Our team leads a warm-up to a series of games at a Palestinian school.
While it’s been a few days since I have returned from the Middle East, it wouldn’t sit right without writing a final impression of this dazzling adventure.  We spent our final days visiting our programs in the West Bank and once our business was done, we raced through Jerusalem, Bethlehem and Hebron with too many questions and too little time.

The Bedouin nomadic villages along the ridgelines of Israel’s major super highways let you know this is a unique place.  Olive season, olive festivals and olive vendors alongside major roads hint that despite significant foreign investment and modernization, the countryside of the West Bank and Israel still live close to the land and their ancient planting seasons.  Between visits to community centers, special education facilities and remote refugee camps where our programs run, our group enjoyed the finer details of traveling with local colleagues – Ghada’s reckless driving and astute knowledge of the Israeli checkpoints; gender segregated restaurants in Hebron; and haggling with young buys selling the most perfect purple grapes alongside a quiet road tracing Israel’s rocky ridgelines.

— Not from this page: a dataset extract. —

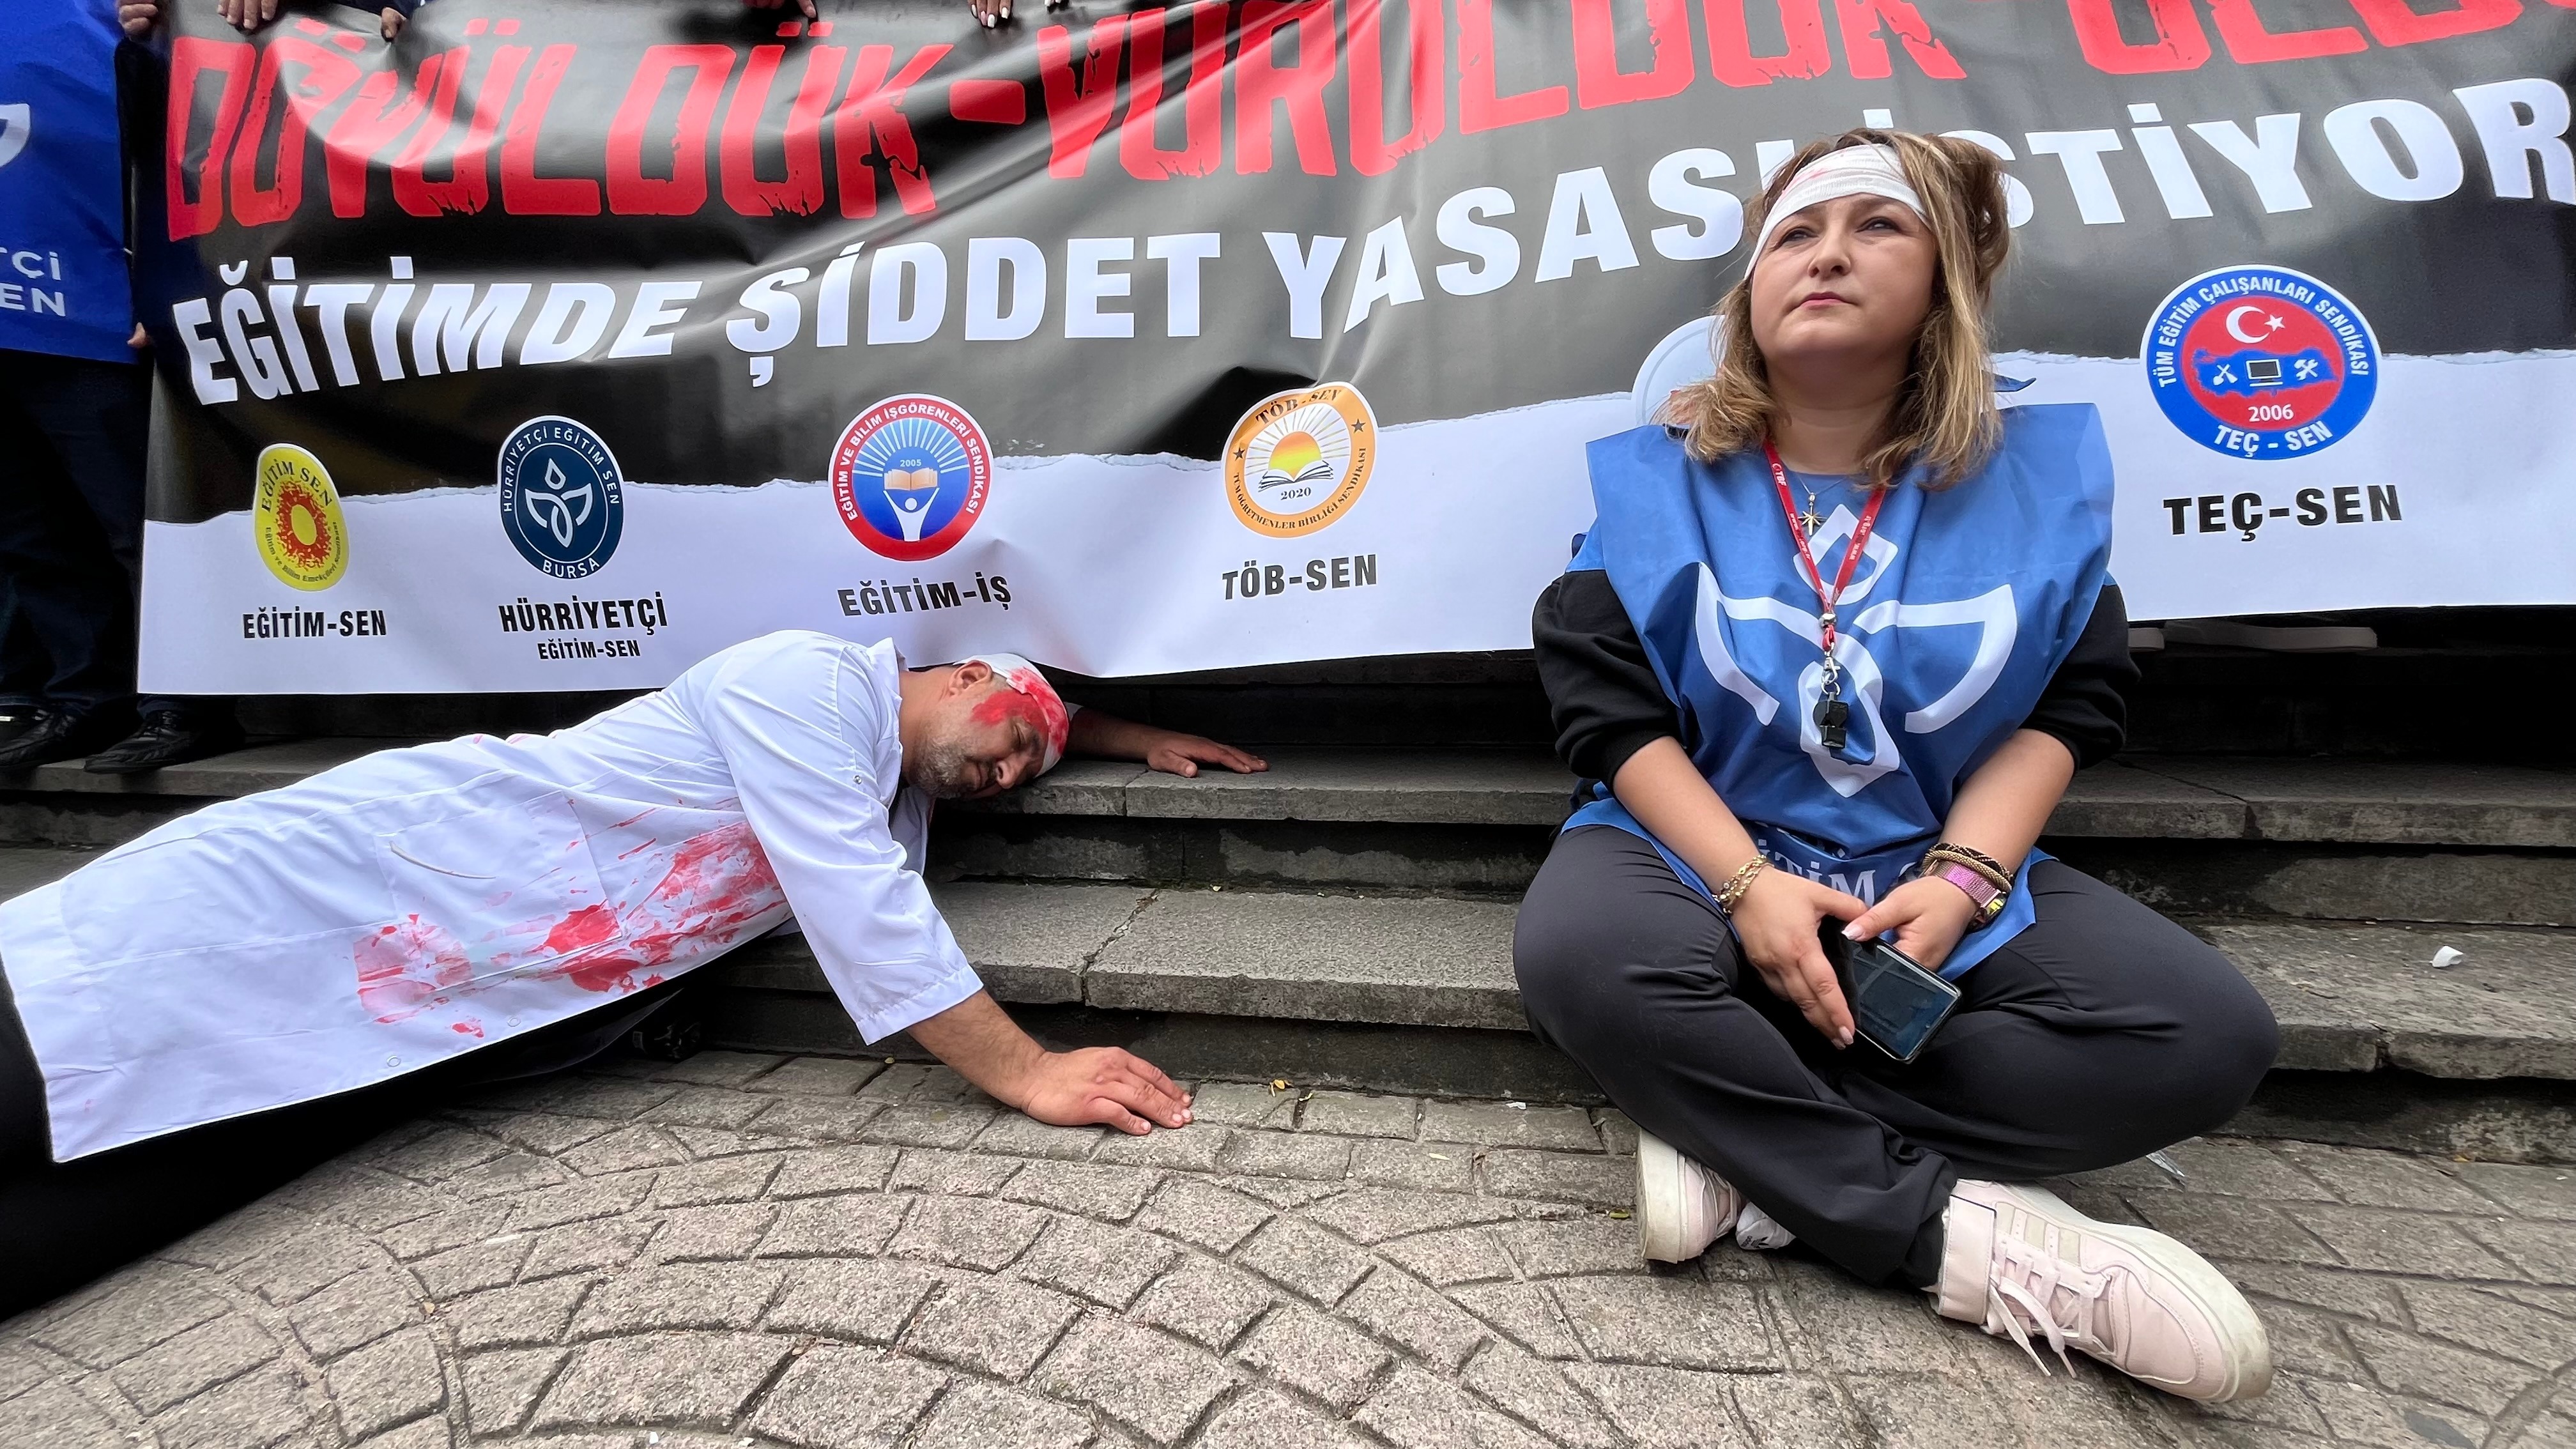 Bursa'da eğitimciler 2 ayrı yürüyüşle şiddeti protesto etti; önlüklerine ve yüzlerine kırmızıya boyadılar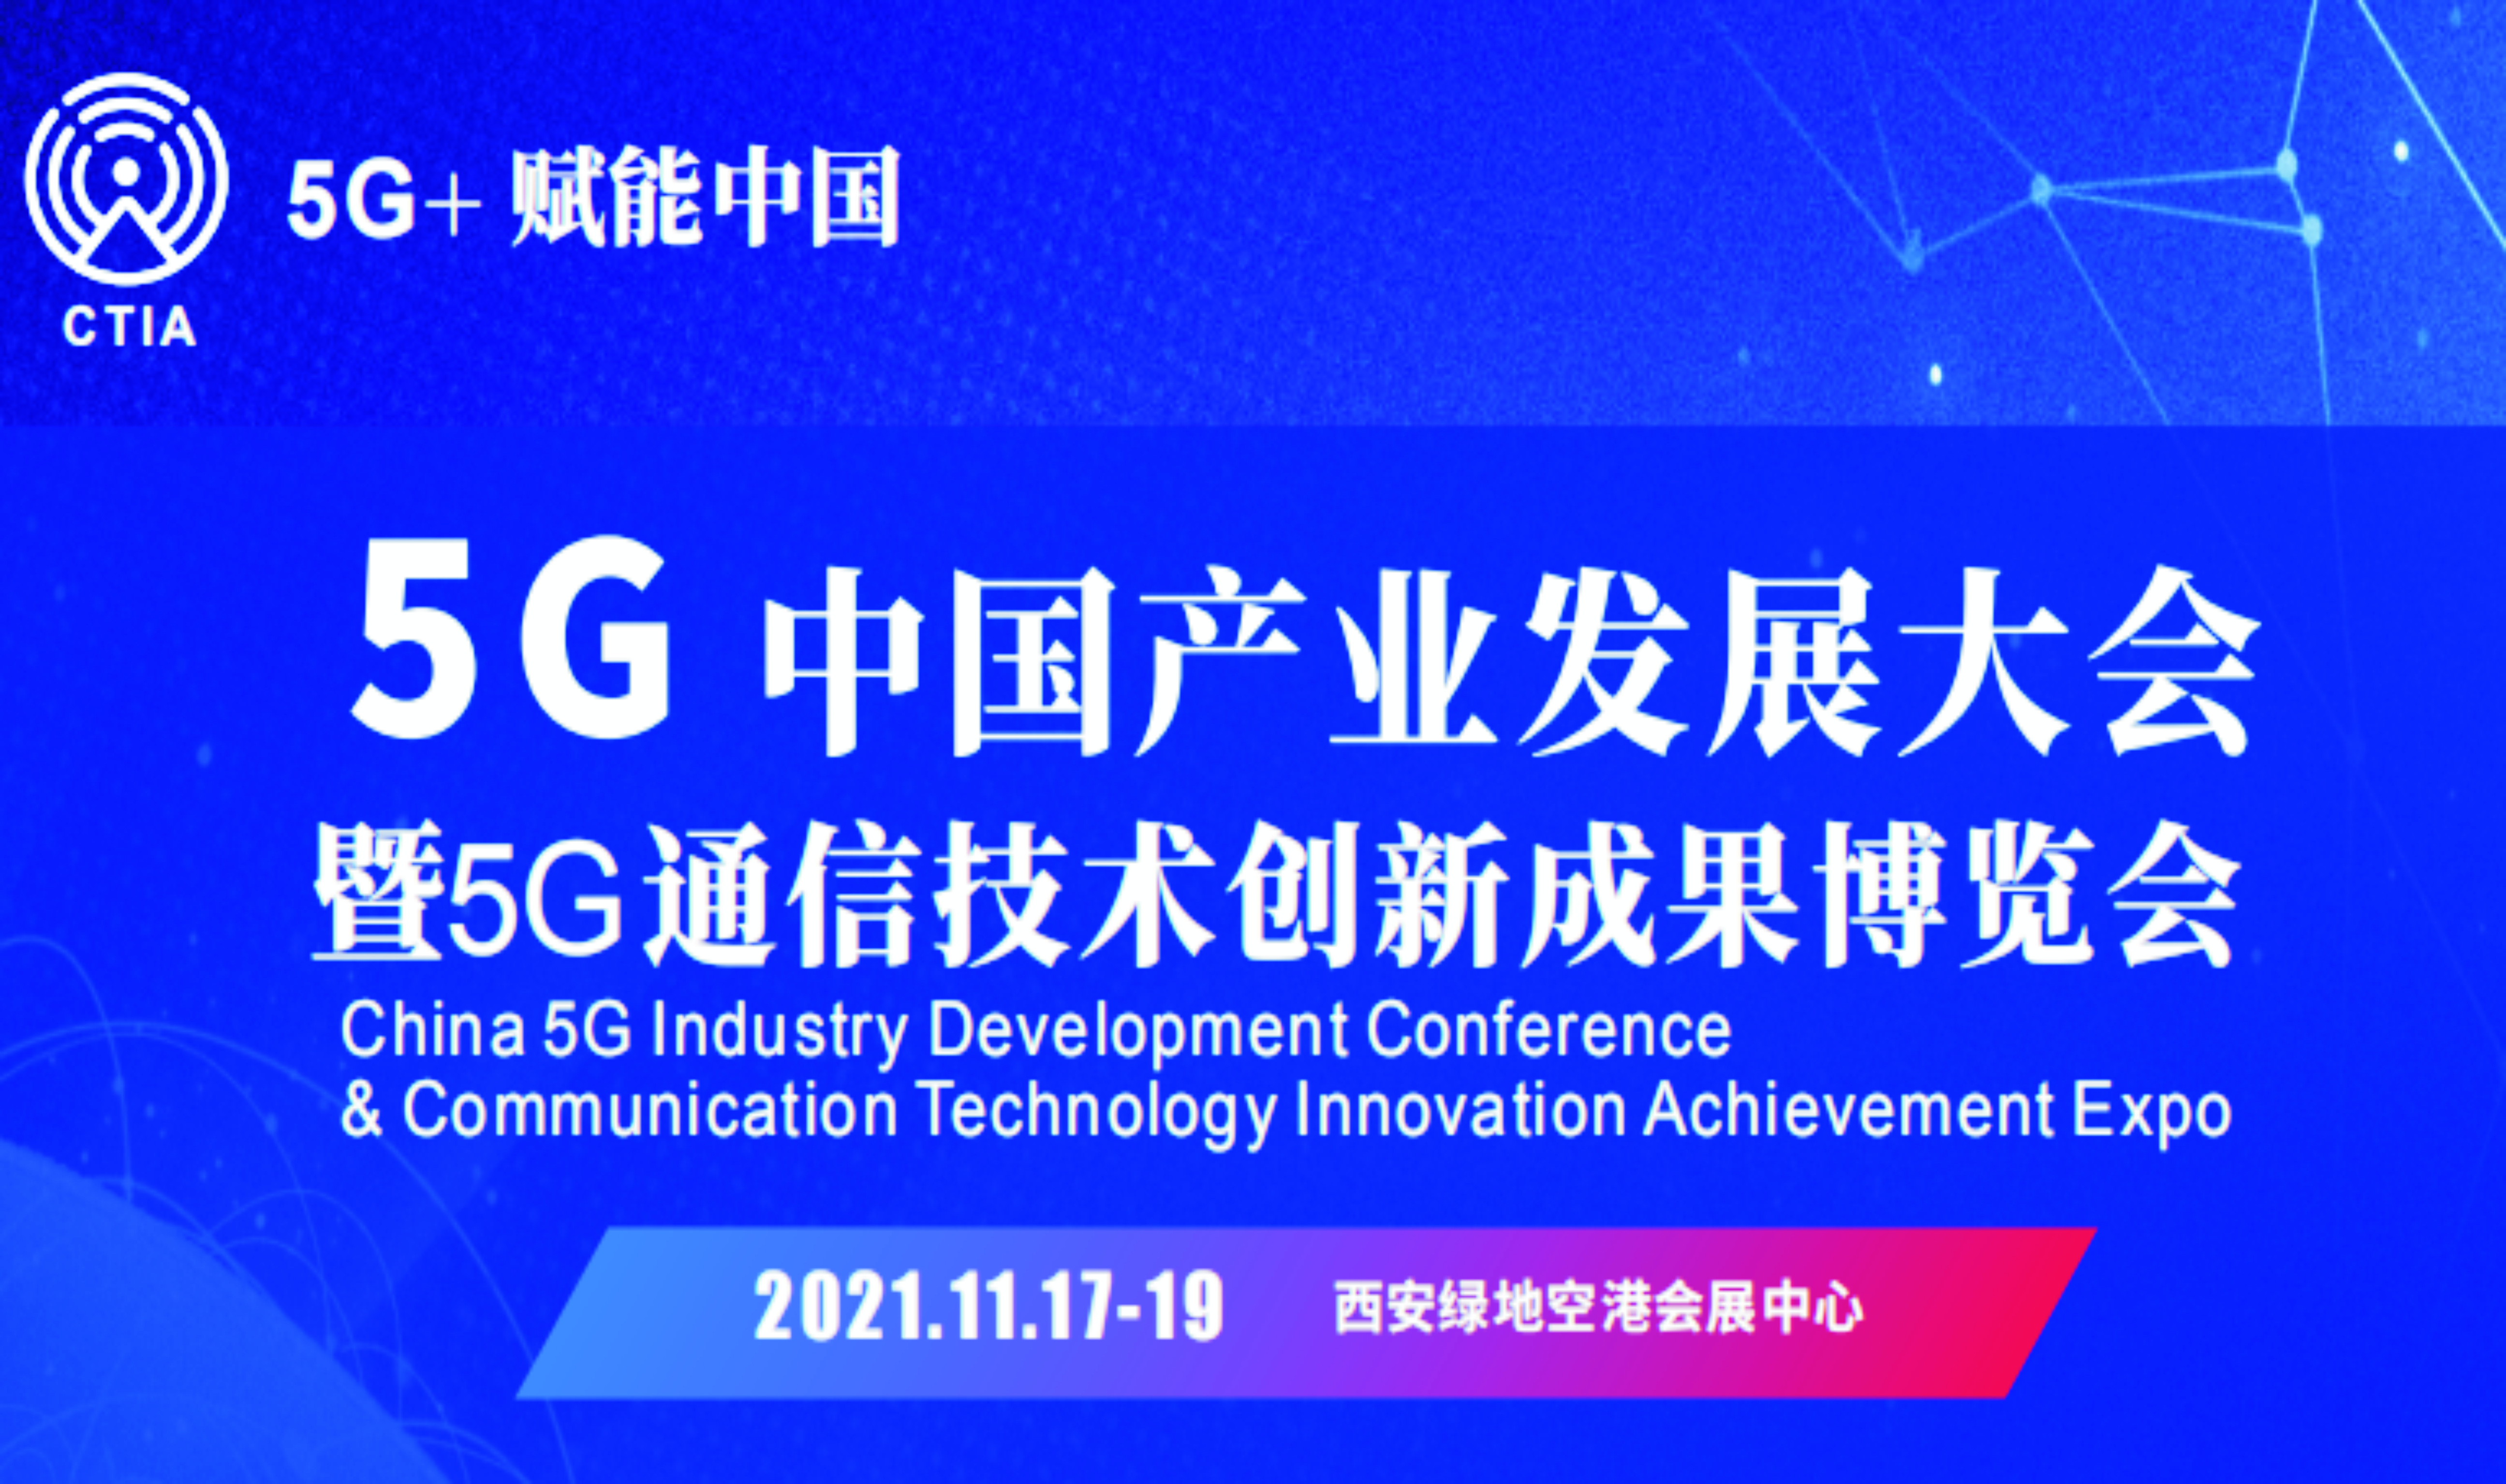 5G中国产业发展大会暨5G通信技术创新成果博览会

Israeli sign alongside the highway near Ramallah; beginning of
the military zone.

Having settled into my colleagues’ lives for a few days in Ramallah, I came to understand the real time challenges of the Palestinian-Israeli conflict.  Facing the traffic and choosing one’s route to head south of Jerusalem alone is enough argument to just stay home.  Driving fifty miles can be a 2+ hour commitment and if traveling through a checkpoint with improper documentation, the risk isn’t worth the time.  Palestinians are supposed to be out of Israel by 7 pm at night unless granted exceptional documentation.  I have a colleague married to a Palestinian Israeli (a Christian woman whose family has multi-generational roots in Jerusalem and self-identifies by nationality as Israeli) and family gatherings redefine ‘complicated.’  When coordinating a car from Ramallah to Tel Aviv, I had to arrange for an Israeli cab to pick us up and drive back because of the license plate requirements – literally had to pay double the cost for half the route (!).  

Logistics aside, this region is poignant because of the commitment that millions of people, both residents and visitors, demonstrate regardless of religion.  Their ownership in the region’s history, artifacts and historic nooks is remarkable.